Title: Anticipating Apocalypse in Renaissance Nuremberg

Abstract: How do you give pictorial form to the end of the world? As the apocalyptic year 1500 approached, the German Renaissance artist Albrecht Dürer decided to pin down the notoriously confusing imagery of the Book of Revelation in his Apocalypse cycle of 1498. His startling woodcuts managed to capture aspects of the vibrant mercantile culture of the booming city of Nuremberg as well as a sense – both fearful and joyful – of the anticipated Last Days. As such, it formed part of a wider culture in the Holy Roman Empire of paying attention to the personal and communal responses demanded by awe-inspiring prodigious signs and disastrous events. Dürer was not the first to depict scenes from the New Testament Book of Revelation, but with a hitherto unknown level of realism, material detail and rich characterisation he set these scenes of disaster, death and destruction firmly within his own times, and peopled them with contemporary figures inhabiting a range of emotional modes. As the first book of images published by an artist, it formed part of Dürer’s career-long innovations in the creation of illustrated books, often closely concerned with religious subject matter.

Dürer’s own, sometimes troubled, self-identification with Christ at key moments in his life is well known. Early modern people lived in environments that constantly provided opportunities to make visual links to the biblical past, notably through church and civic décor and material culture. From the later fifteenth century, Dürer’s home city of Nuremberg was also a leading European centre for the creation of illustrated printed books. This paper will explore how a number of these provided new and emotionally rich ways for groups and individuals – at a variety of social levels – to encounter the sacred past in the present. Some, including Dürer’s Apocalypse cycle, also provided a pious but aesthetically dazzling framework for anticipating religious futures, and specifically the Last Days. Paying attention to the new culture of illustrated books, this paper suggests, offers insights into the emotional complexity of how early modern people inhabited religious identities concerned with past, present and future.

Date: 28 November 2023

Location: University of Adelaide (specific room tbc)
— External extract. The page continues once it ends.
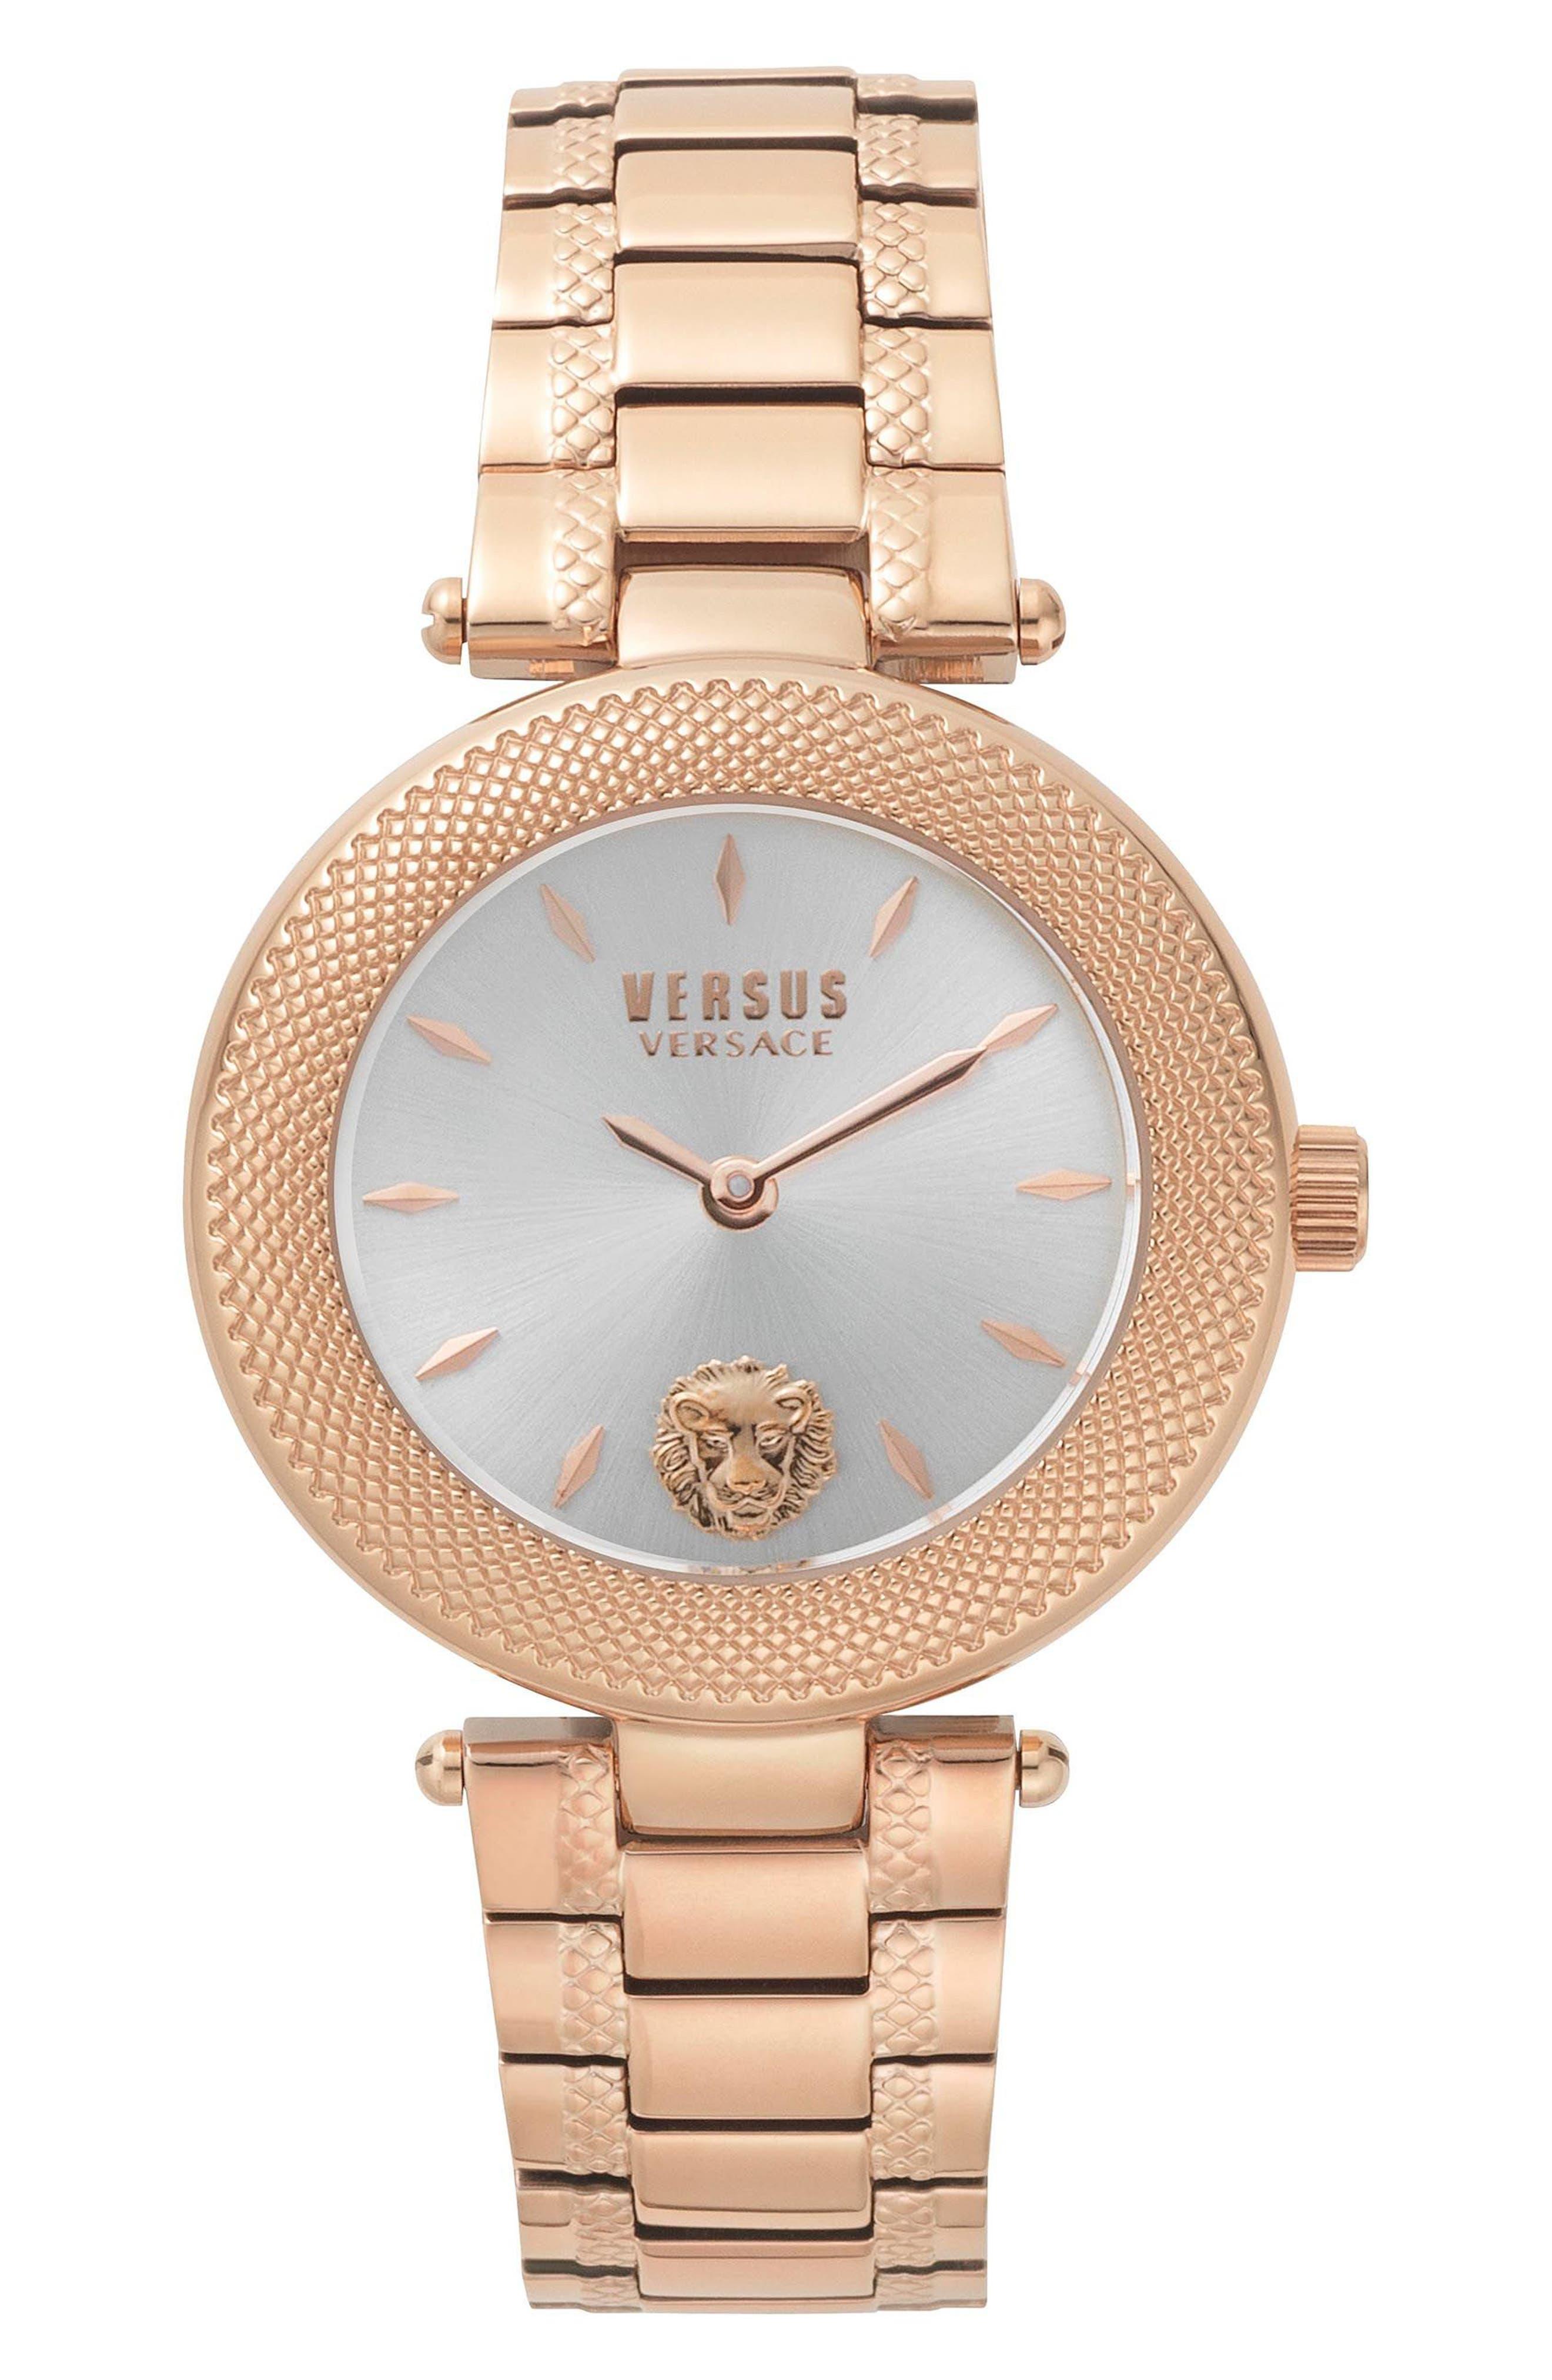 VERSUS VERSACE Bricklane Watch Set, 36mm, Main, color, ROSE GOLD/ SILVER
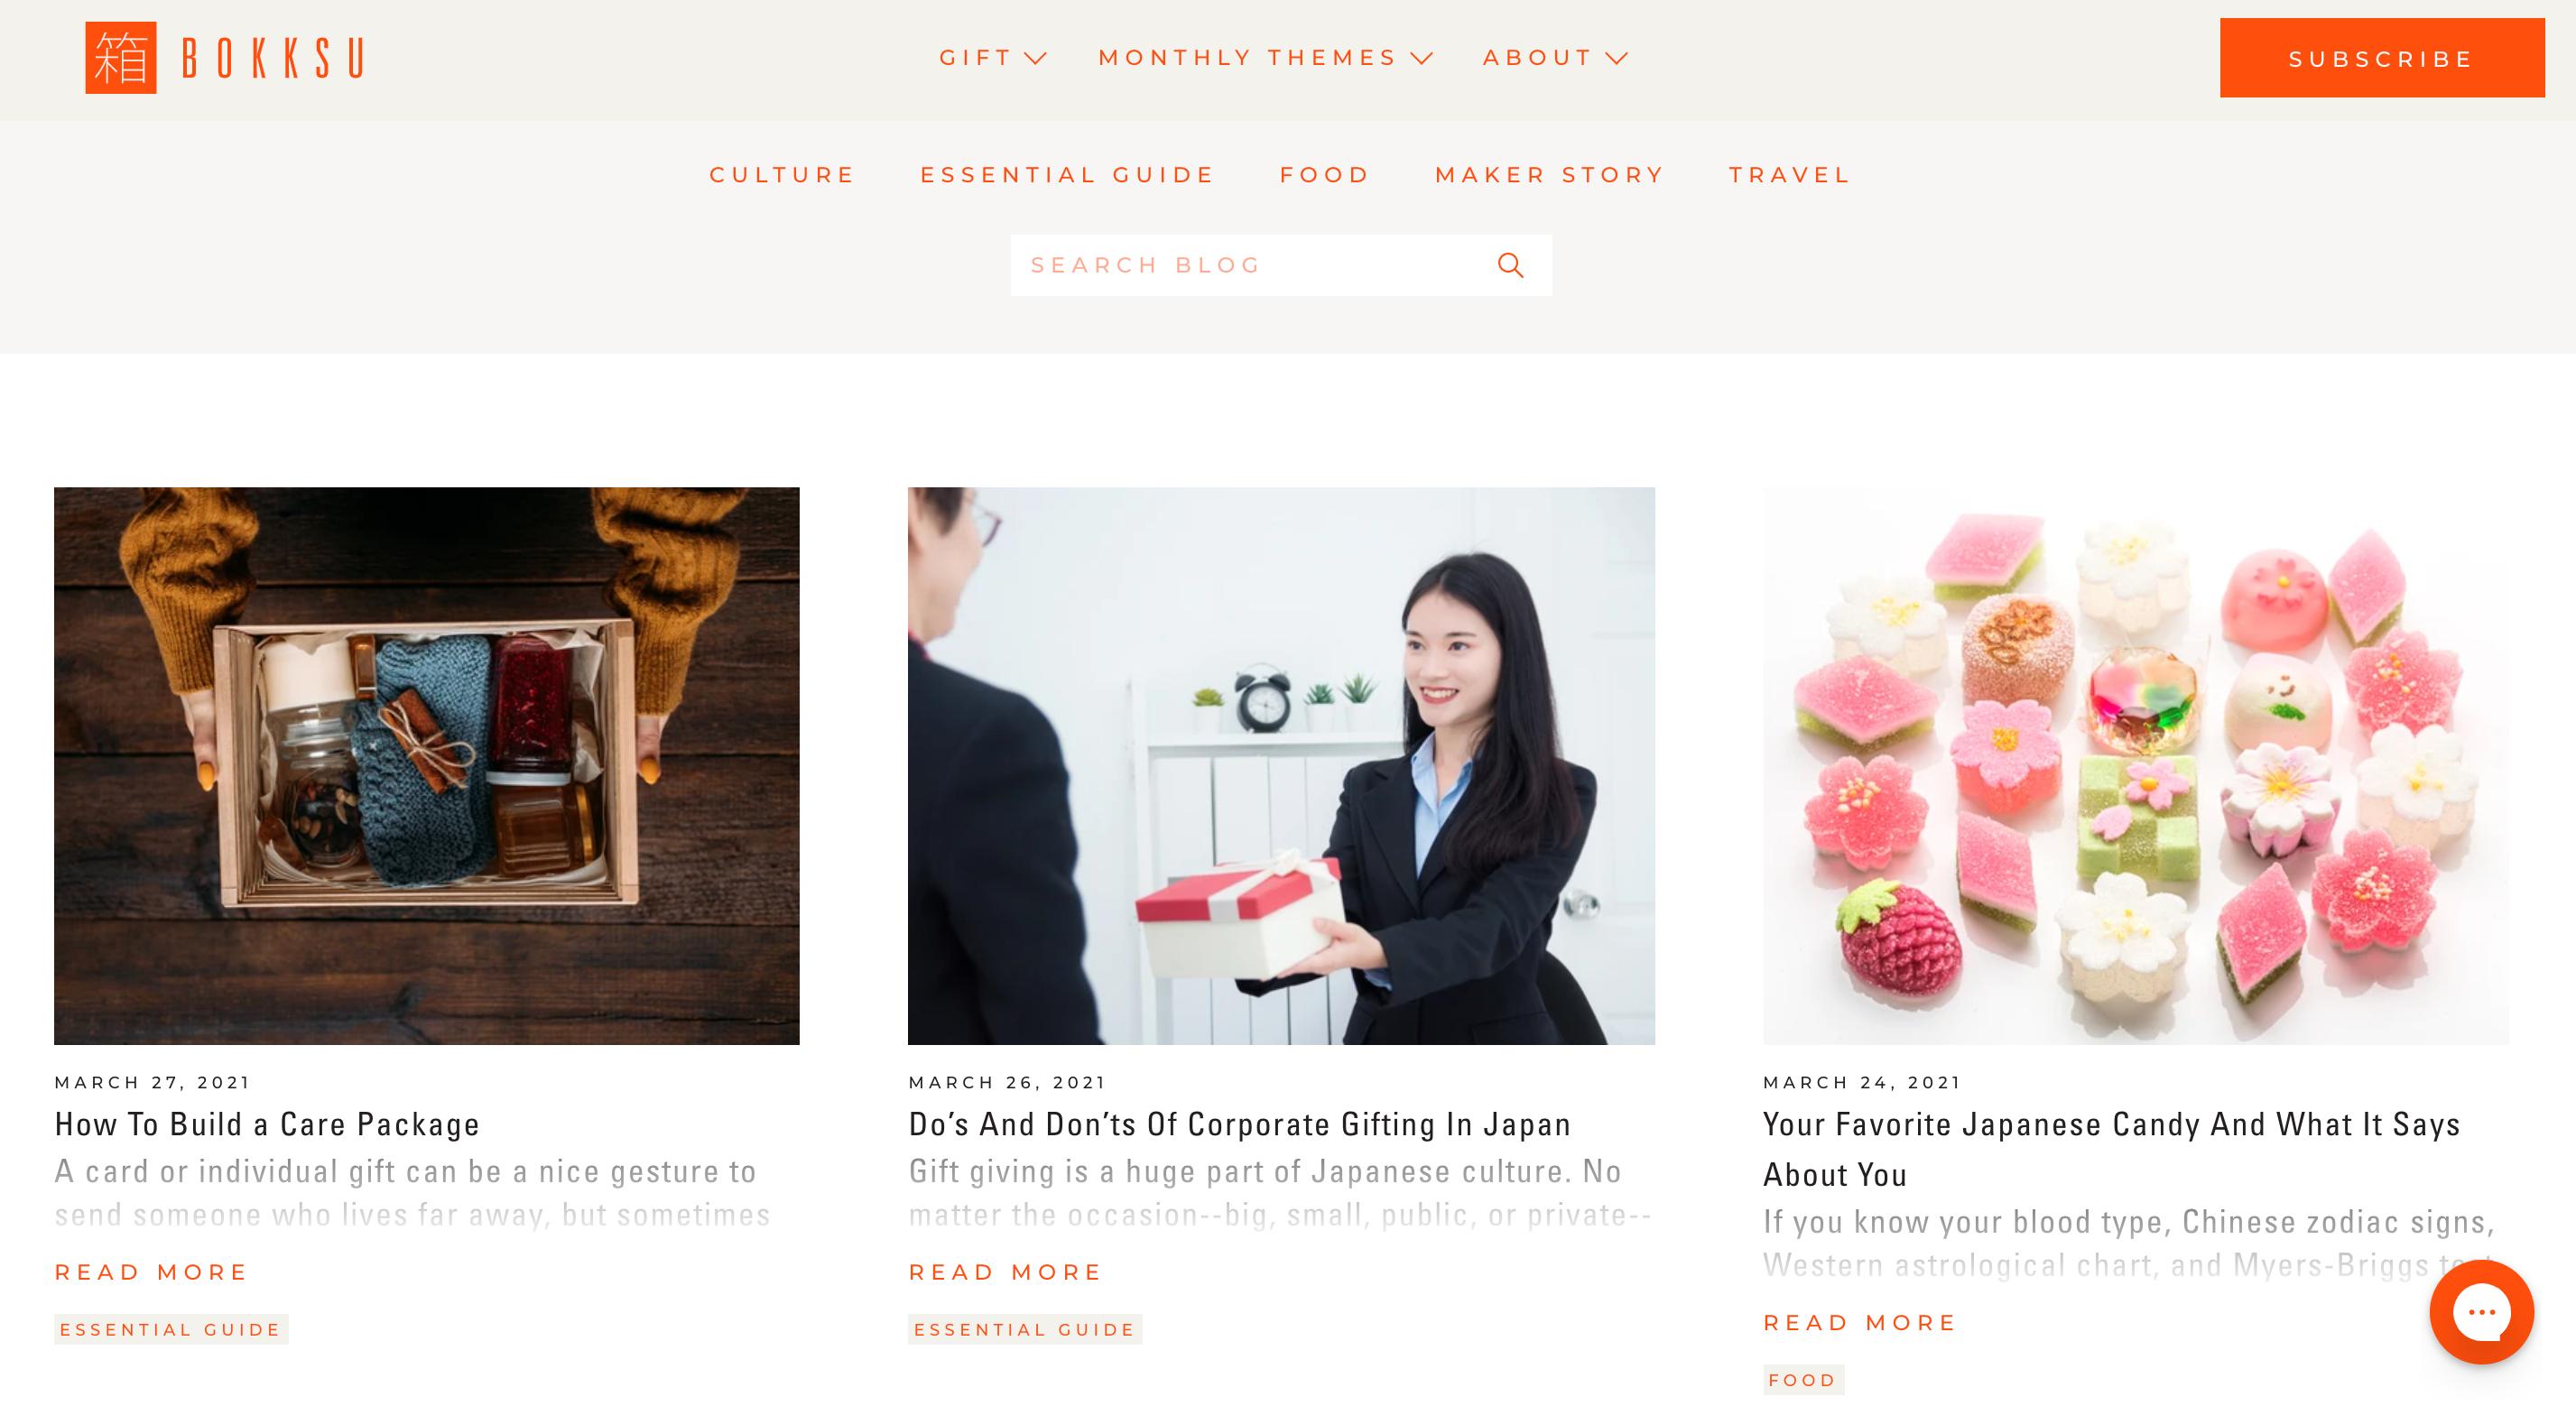 Screenshot of Bokksus website blog page

Bio: Jenny Spinks is Hansen Associate Professor in History at the University of Melbourne. She researches northern Europe 1450-1700, with a focus on print culture, material culture, and the social and religious impact of disasters and wonders. She has co-curated exhibitions of early modern print at the National Gallery of Victoria in Melbourne and the John Rylands Library in Manchester, and her publications include Monstrous Births and Visual Culture in Sixteenth-Century Germany (2009, pbk 2016), and (co-edited with Charles Zika) Disaster, Death and the Emotions in the Shadow of the Apocalypse, 1400-1700 (2016). She currently leads the Australian Research Council Discovery team project ‘Albrecht Dürer’s Material World – in Melbourne, Manchester and Nuremberg’ (2021-2024).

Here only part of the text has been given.